6-[2,3-Bis(4-methoxytriphenylmethoxymethyl)propyl]-5-methylpyrimidin-2,4-dione (16). 1H-NMR: 10.84 (1H, s, NH-3), 10.48 (1H, s, NH-1), 7.2−7.4 (20H, m, Ph), 7.15 (4H, m, Ph), 6.83 (4H, m, Ph), 3.73 (6H, s, OCH3), 3.12 (2H, m, H-3'), 2.99 (2H, m, H-3''), 2.52 (2H, m, H-1'), 2.31 (1H, m, H-2'), 1.50 (3H, s, CH3-5). 13C-NMR: 165.07 (C-4), 158.57 (CH-Ph-12'), 151.24 (C-2), 149.47 (C-6), 144.86 (CH-Ph-5',5''), 135.54 (CH-Ph-9'), 130.37 (CH-Ph-10',10''), 128.21−130.32 (CH-Ph-6'-7''), 127.24 (CH-Ph-8',8''), 113.52 (CH-Ph-11',11''), 105.35 (C-5), 86.20 (C-4',4''), 63.63 (C-3',3''), 55.48 (OCH3), 30.77 (C-1'), 30.06 (C-2'), 10.15 (CH3-5). Positive ESI-MS 759 (M+H). Anal. Calcd for C49H46N2O6: C 77.55, H 6.11. Found: C 77.64, H 6.07.

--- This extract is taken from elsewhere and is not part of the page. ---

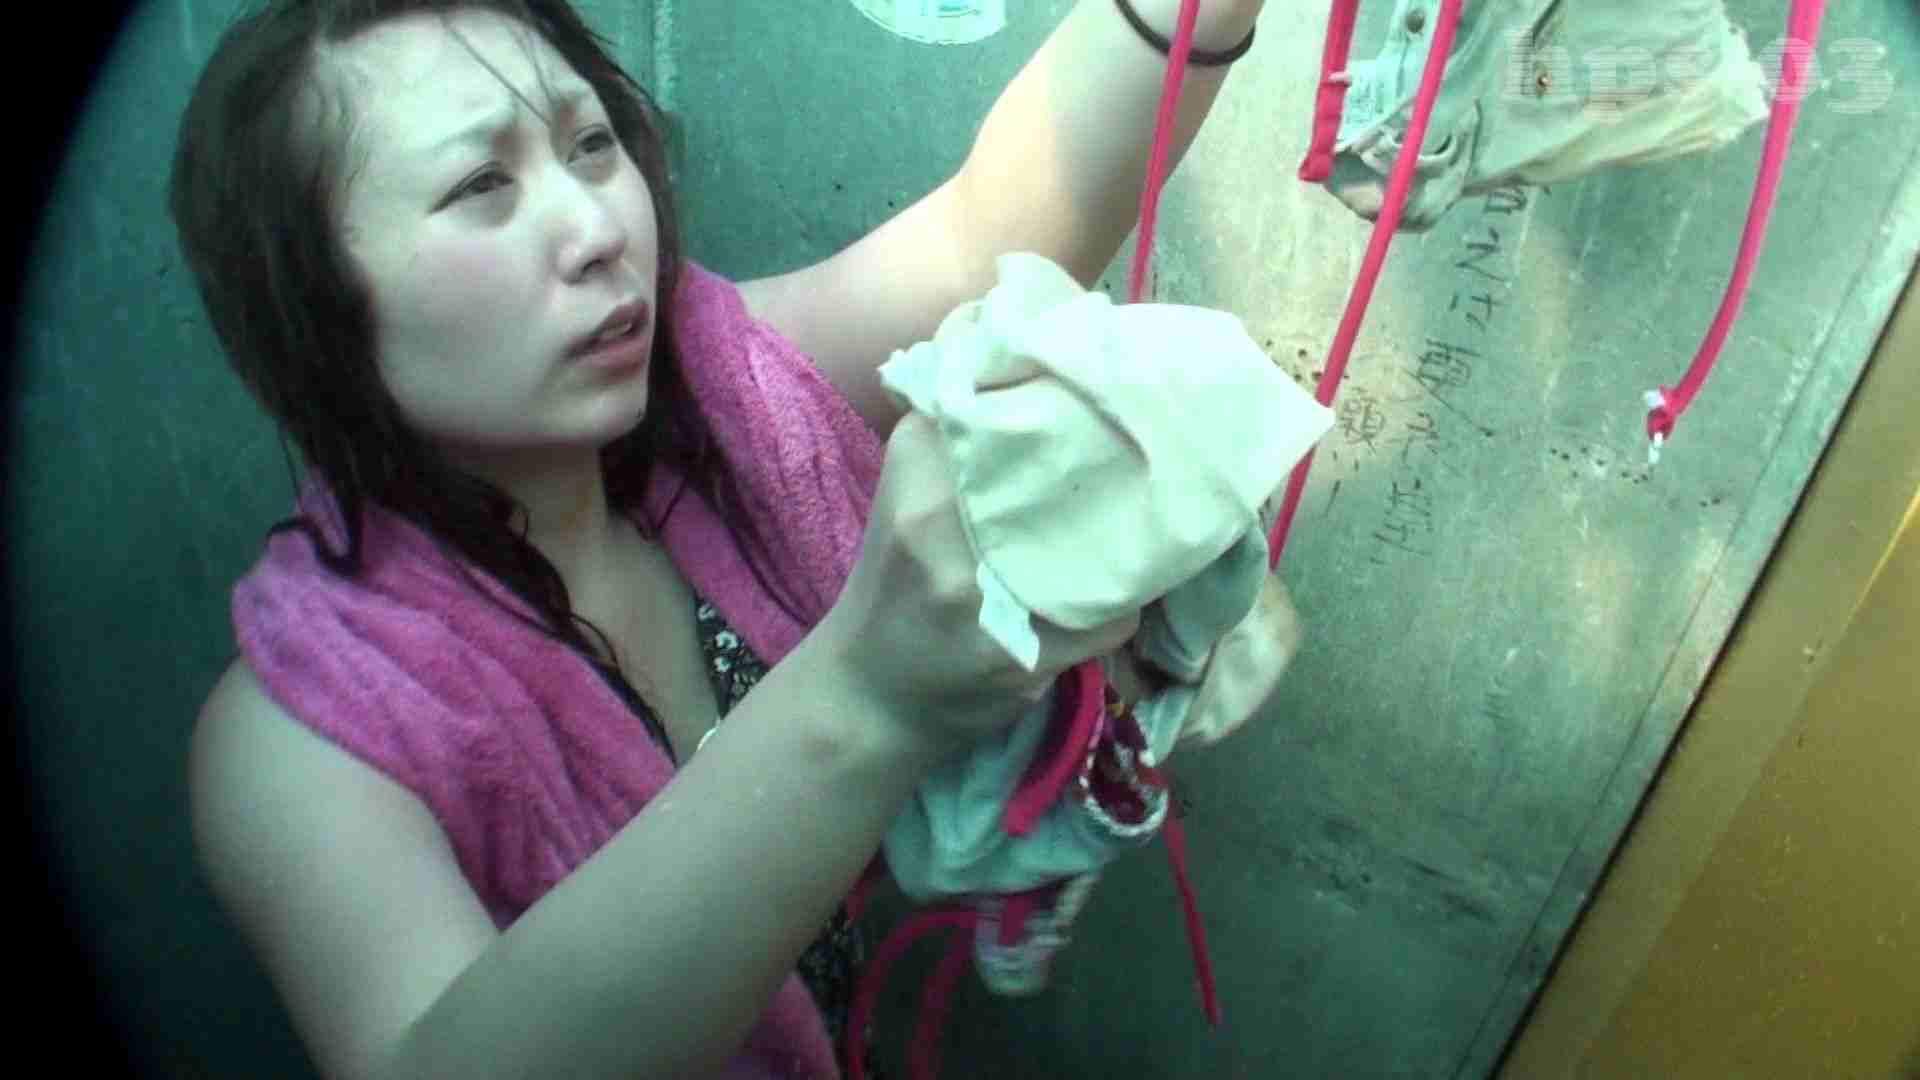 シャワールームは超!!危険な香りVol.3 ハートのタトゥーちょっとプヨってます。 シャワー | OLセックス  103画像 19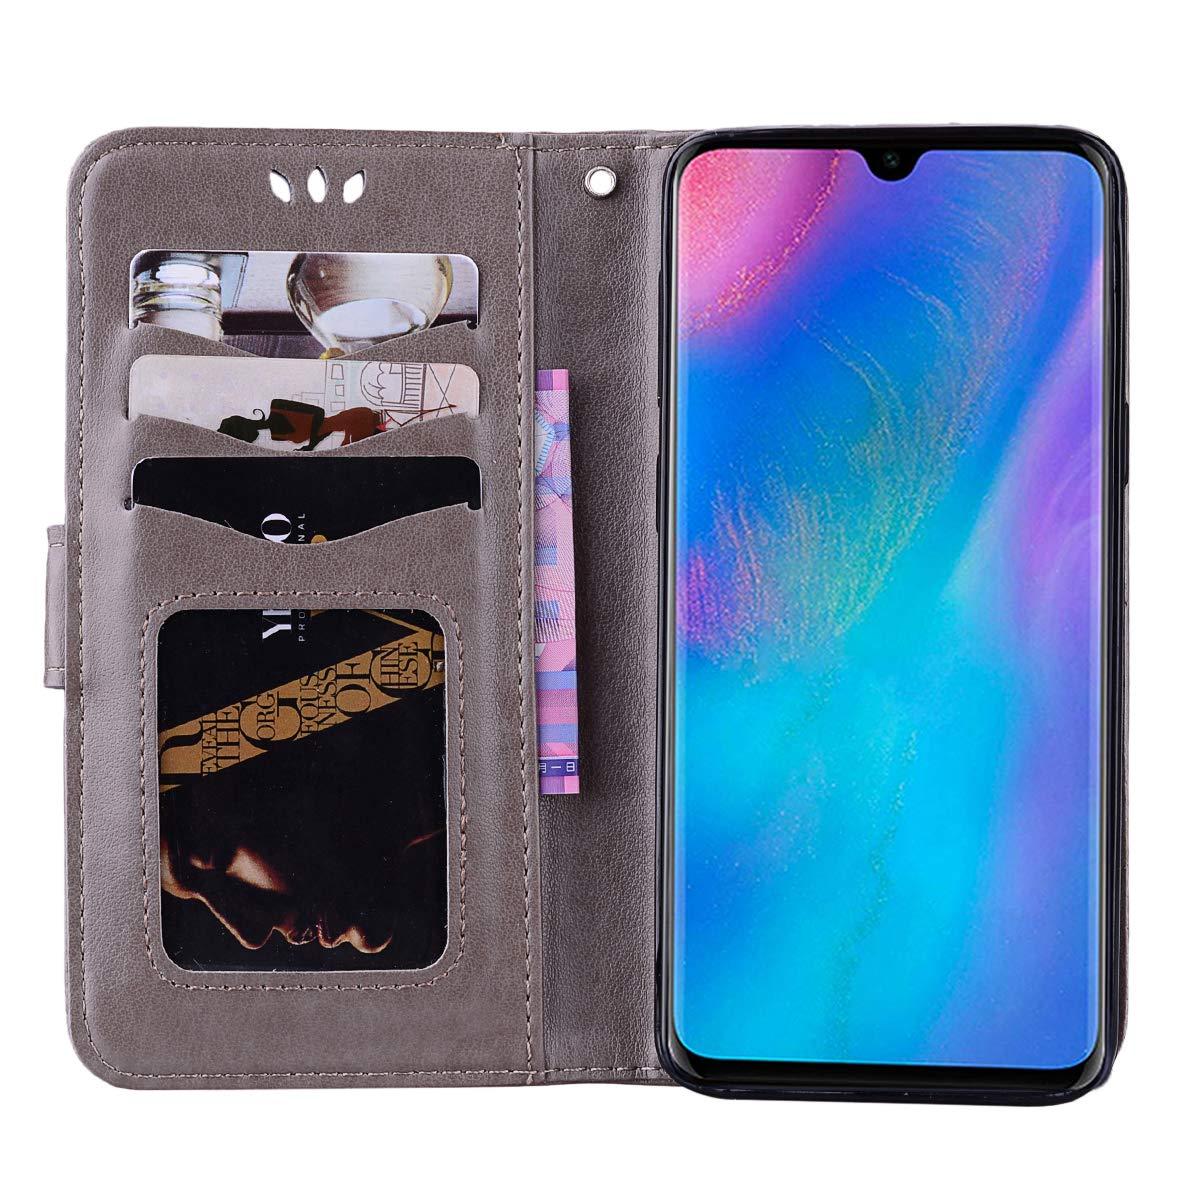 Folio Souple TPU Bumper de Protection Mince Pochette Etui Housse en Cuir PU /à Rabat pour Huawei P30 Lite Bleu DENDICO Coque Huawei P30 Lite

6-[3-Hydroxy-2-(4-methoxytriphenylmethoxymethyl)propyl]-5-methylpyrimidin-2,4-dione (17). 1H- NMR: 10.85 (1H, s, NH-3), 10.43 (1H, s, NH-1), 7.22−7.34 (10H, m, Ph), 7.17 (2H, d, J = 8.97 Hz, Ph), 6.85 (2H, d, J = 8.85 Hz, Ph), 4.55 (1H, t, J = 4.67 Hz, OH), 3.72 (3H, s, OCH3), 3.42 (2H, t, J = 4.85 Hz, H-3'), 3.36 (2H, m, H-3''), 2.97 (2H, m, H-1'), 2.32 (1H, m, H-2'), 1.59 (3H, s, CH3-5). 13C NMR: 13C-NMR: 164-98 (C-4), 158.51 (CH-Ph-12'), 150.78 (C-2), 149.52 (C-6), 144.85 (CH-Ph-5',5''), 135.57 (CH-Ph-9'), 130.34 (CH-Ph-10',10''), 128.22− 130.36 (CH-Ph-6'-7''), 127.27 (CH-Ph-8',8''), 113.48 (CH-Ph-11',11''), 106.81 (C-5), 85.73 (C-4'), 64.09, 63.65 (C-3',3''), 55.39 (OCH3), 31.14 (C-2'), 27.07 (C-1'), 10.99 (CH3-5). Positive ESI-MS 487 (M+H). Anal. Calcd for C29H30N2O5: C 71.59, H 6.21. Found: C 71.51, H 6.24.

4. Conclusions

In summary, we have adopted simple and efficient methods for the protection and deprotection of the carbonyl and nitrogen moieties in a pyrimidine ring, as well as hydroxyl groups in a C-6 isobutyl side-chain under mild conditions in moderate to excellent yields. The methoxymethyl (MOM) moiety as protecting group was introduced using different synthetic methods. Two methods performed by silylation of uracil and in situ reaction of O-persilylated uracil with MOMCl gave N-1- and/or N-3-MOM pyrimidine derivatives 4−6. A synthetic approach using activated an N-anionic pyrimidine derivative afforded desired N,N-1,3-diMOM and N-1-MOM pyrimidines 4 and 5 in good yield. N-1 and N-3 regioisomers were assigned on the basis of heteronuclear 1H−13C correlation signals in 2D HMBC spectra and homonuclear 1H−1H correlations in NOESY spectra. Thus, NOE interactions between the methylene protons of a MOM group and H-1’ as well as H-2’ in 5 revealed that the MOM group is bound to N-1 of the pyrimidine ring. The removal of benzyl protecting groups in 4 and 5 was accomplished using boron trichloride to give 6-(1,3-dihydroxyisobutyl)-N-MOM pyrimidines 7 and 8 as a major products. Pyrimidine derivatives 7, 8 and 15 with free hydroxyl functionalities were subsequently converted to ditritylated (compounds 10 and 16) and monotritylated (compounds 11, 12 and 17) derivatives. It is interesting to note that debenzylation of 4 and 5 and tritylation of 7 was accompanied with removal of the N-MOM protecting group. For preparation of precursor for 18F radiolabelling that contains appropriate leaving groups, introduction of mesylate, instead of tosylate, as less bulky group is foreseen.